* Entries provided *
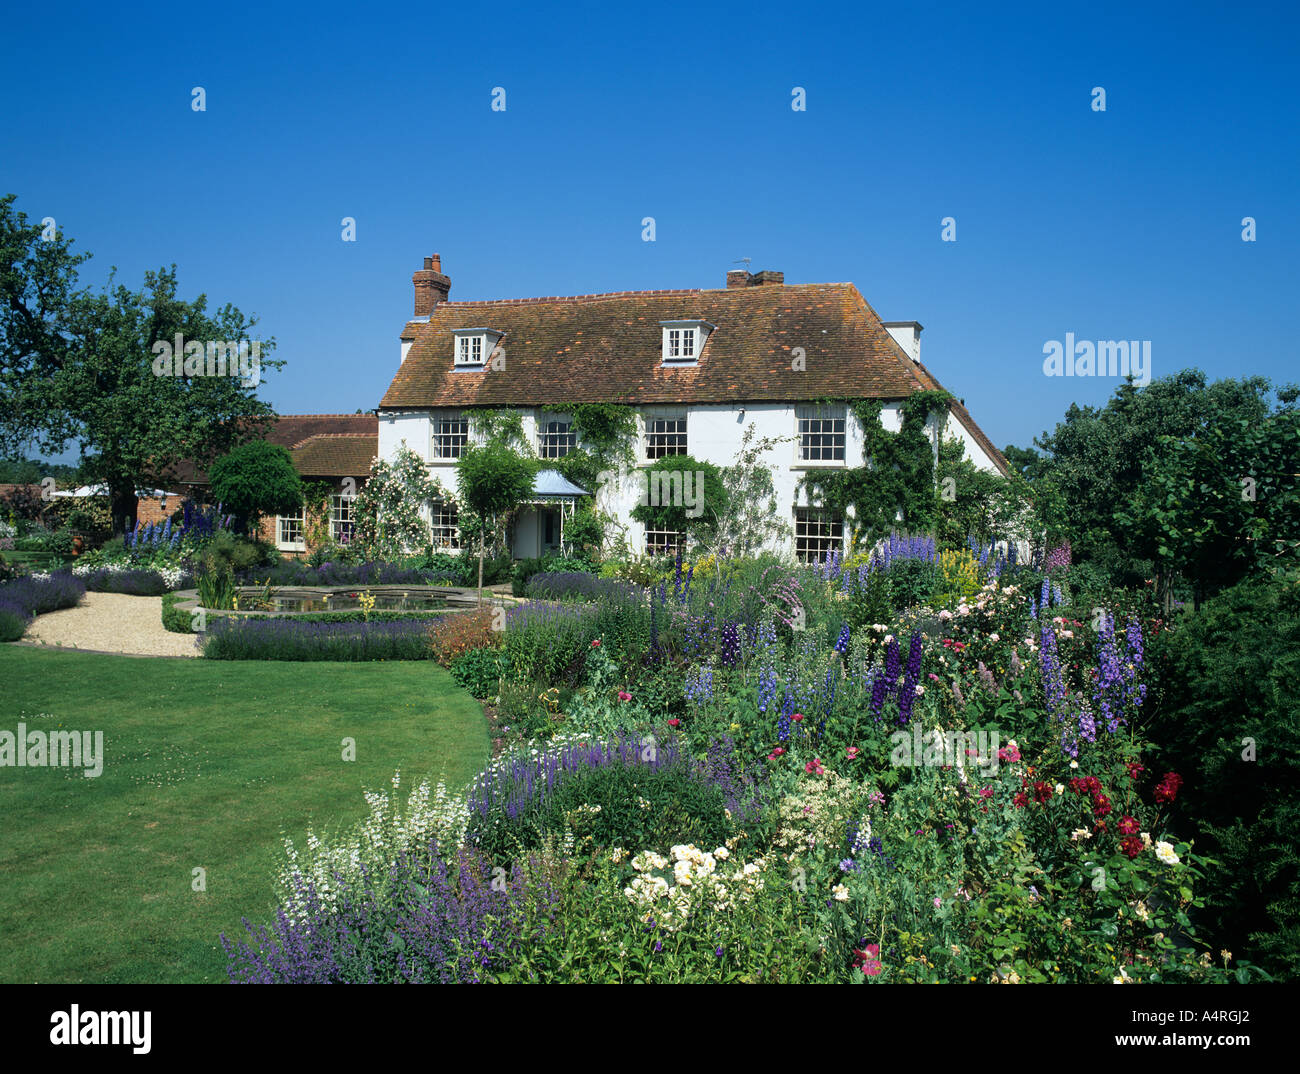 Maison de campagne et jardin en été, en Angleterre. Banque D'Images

==

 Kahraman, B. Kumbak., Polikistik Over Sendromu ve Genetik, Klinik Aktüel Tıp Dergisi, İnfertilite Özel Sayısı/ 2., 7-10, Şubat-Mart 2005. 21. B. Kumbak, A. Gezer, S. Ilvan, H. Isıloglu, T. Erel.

---

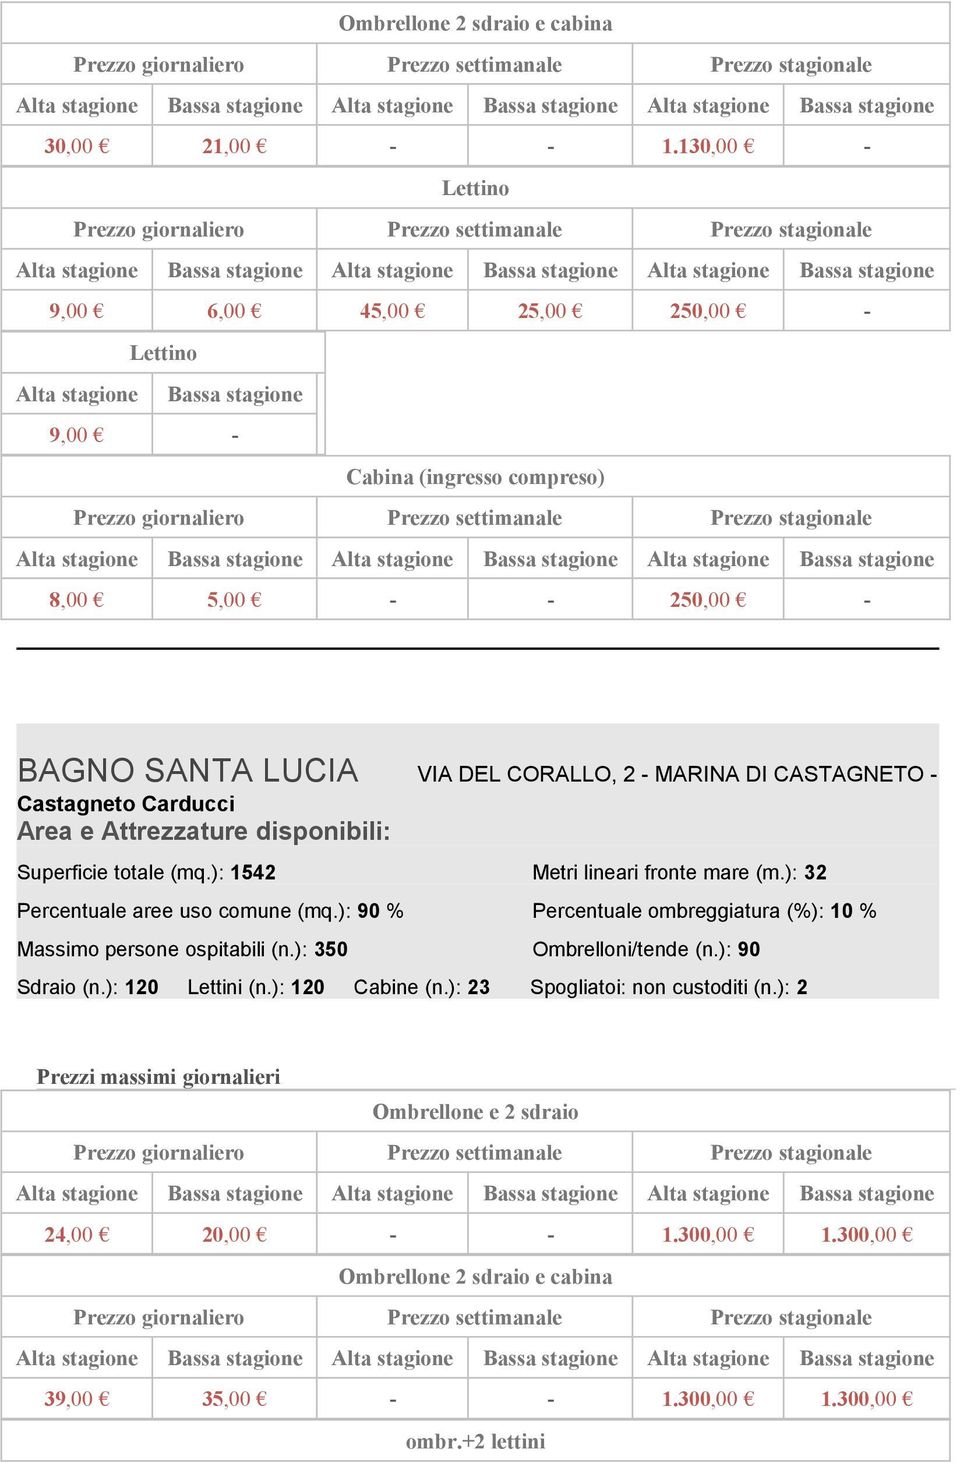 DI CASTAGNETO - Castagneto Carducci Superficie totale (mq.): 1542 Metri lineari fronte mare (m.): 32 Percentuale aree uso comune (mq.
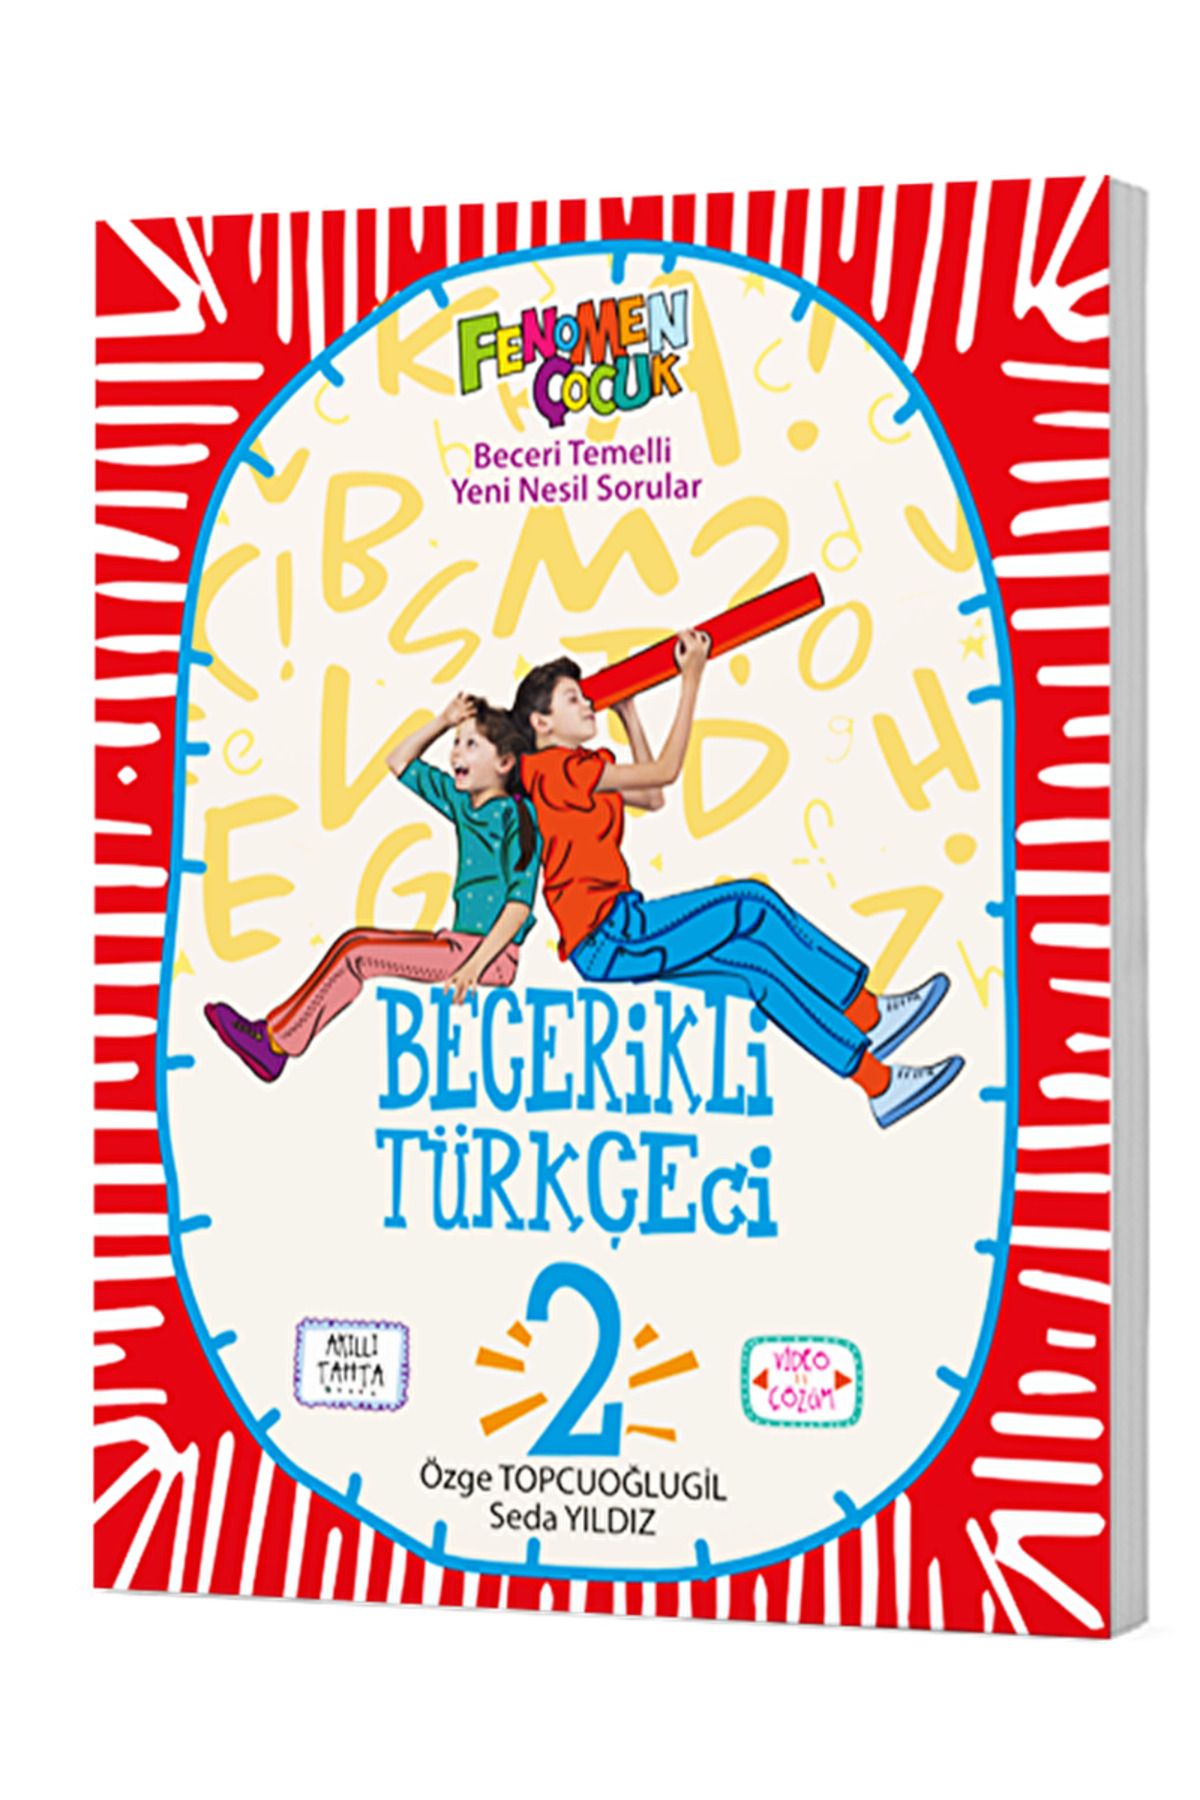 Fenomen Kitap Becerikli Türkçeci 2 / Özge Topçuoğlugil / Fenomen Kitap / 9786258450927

* Exercise details *
Reproduce, word for word, everything in the listing above from the line containing "DI CASTAGNETO - Castagneto" down to the line containing "Fenomen Kitap Becerikli", both of them included. No pictures.

* Task solution *
 DI CASTAGNETO - Castagneto Carducci Superficie totale (mq.): 1542 Metri lineari fronte mare (m.): 32 Percentuale aree uso comune (mq.
 Fenomen Kitap Becerikli Türkçeci 2 / Özge Topçuoğlugil / Fenomen Kitap / 9786258450927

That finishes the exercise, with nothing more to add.